RBA Sends an Unusual Warning
The month of November started as usual – with the Reserve Bank of Australia (RBA) releasing its monetary policy statement and interest rate decision. It does so monthly, every first Tuesday in the new month.
Rarely does the RBA take the market by surprise. It chose to do so this November, perhaps because investors’ attention and focus lied with the U.S. elections.
The RBA delivered a powerful, dovish message. It lowered the cash rate when the market thought it had already reached the lower boundary.
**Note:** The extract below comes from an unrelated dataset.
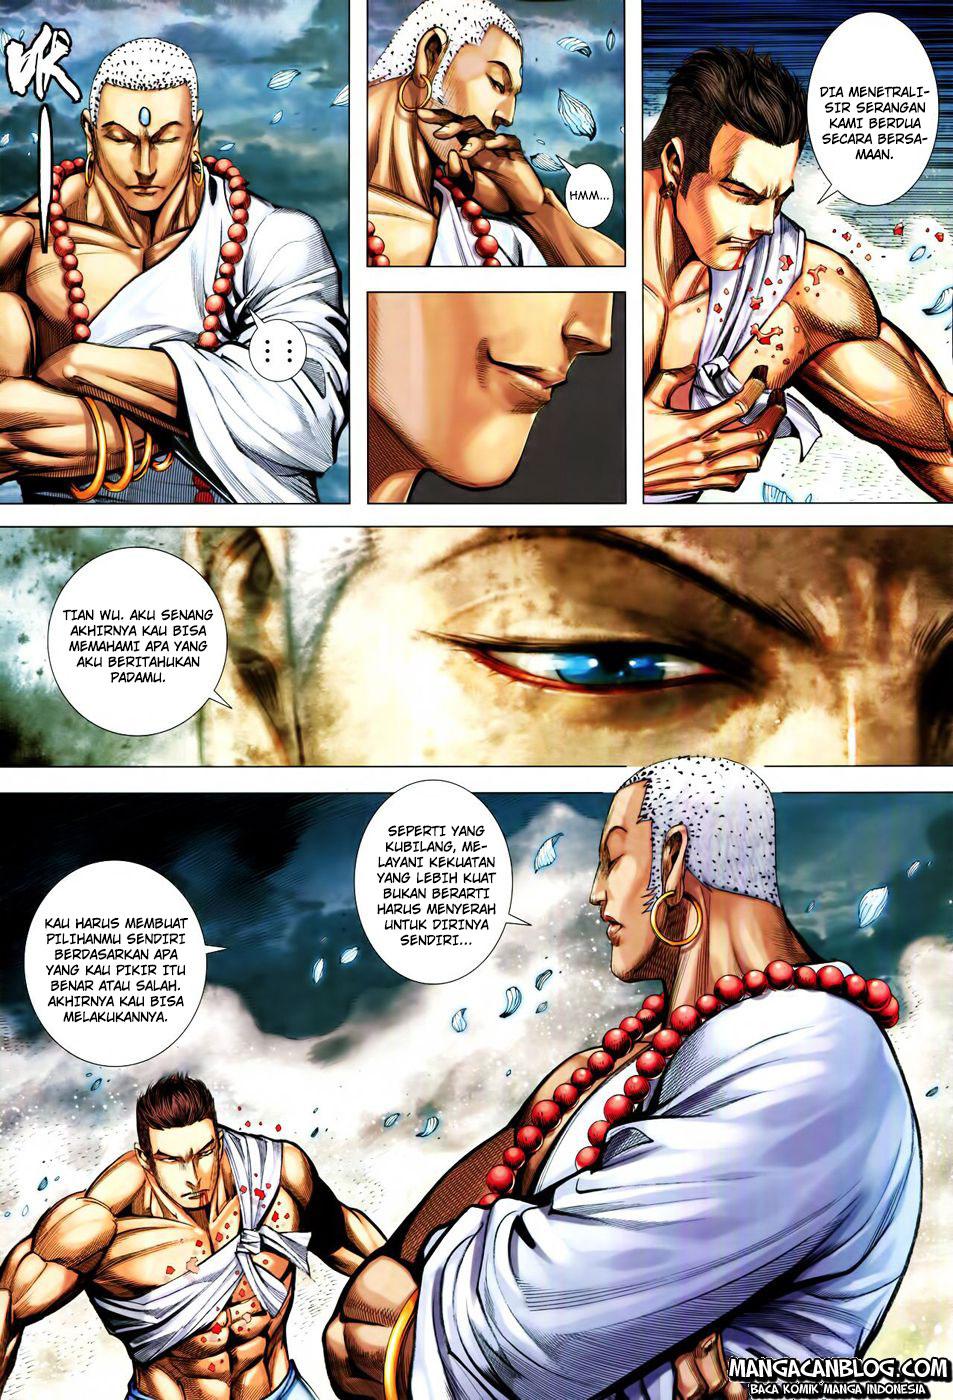 Dilarang COPAS - situs resmi www.mangacanblog.com - Komik feng shen ji 2 127 - mati tanpa penyesalan 128 Indonesia feng shen ji 2 127 - mati tanpa penyesalan Terbaru 18|Baca Manga Komik Indonesia|Mangacan

Moreover, it strengthened the forward guidance for the period ahead, warning about a gradual and slow economic recovery.
Australia coronavirus cases declined recently, to the extent that last weekend there was no local transmission reported. As such, the RBA’s dovishness comes as a surprise and makes investors wonder what other central banks will do in parts of the world where the coronavirus transmission in the second wave exceeds the first wave’s rate of infection?
RBA Measures and Its Message At the November Meeting
Despite admitting that the recent economic data is better than expected and much better than three months ago, the RBA felt the need to ease some more. It did so by not only lowering the cash rate, but by delivering an entire stimulus package design to further help the Australian economy.
Besides lowering the cash rate to 0.1%, the RBA announced that it targets a lower yield on the 3y AGB (Australian Government Bond). Effectively, it means more bond-buying planned ahead as by doing so, the price of the bonds rises while the yield declines. In plain English, more QE from the RBA.
It also expanded the QE to government bonds with maturities between five and ten years. More precisely, the RBA committed to purchasing AUD100 billion worth of these bonds over the next six months in a further attempt to lower the yields on longer-term dated bonds. This is basically the new QE announced, and any 3y AGB bought would add to the size of the program.
To sum up, the RBA statement is as dovish as dovish can be. Because it came ahead of the Bank of England, the Federal Reserve, and the ECB, it raises the question if there is coordinated easing that comes for the year-end?
It is at least strange that the RBA delivered such a package without other central banks to follow. Moreover, the Australian Dollar (AUD) strengthened as a result, instead of reflecting the dovish sentiment.
Therefore, it would be wiser for market participants to price in more easing from developed countries’ central banks in 2020. After all, the pandemic did not go anywhere – only investors’ attention shifted to the U.S. elections.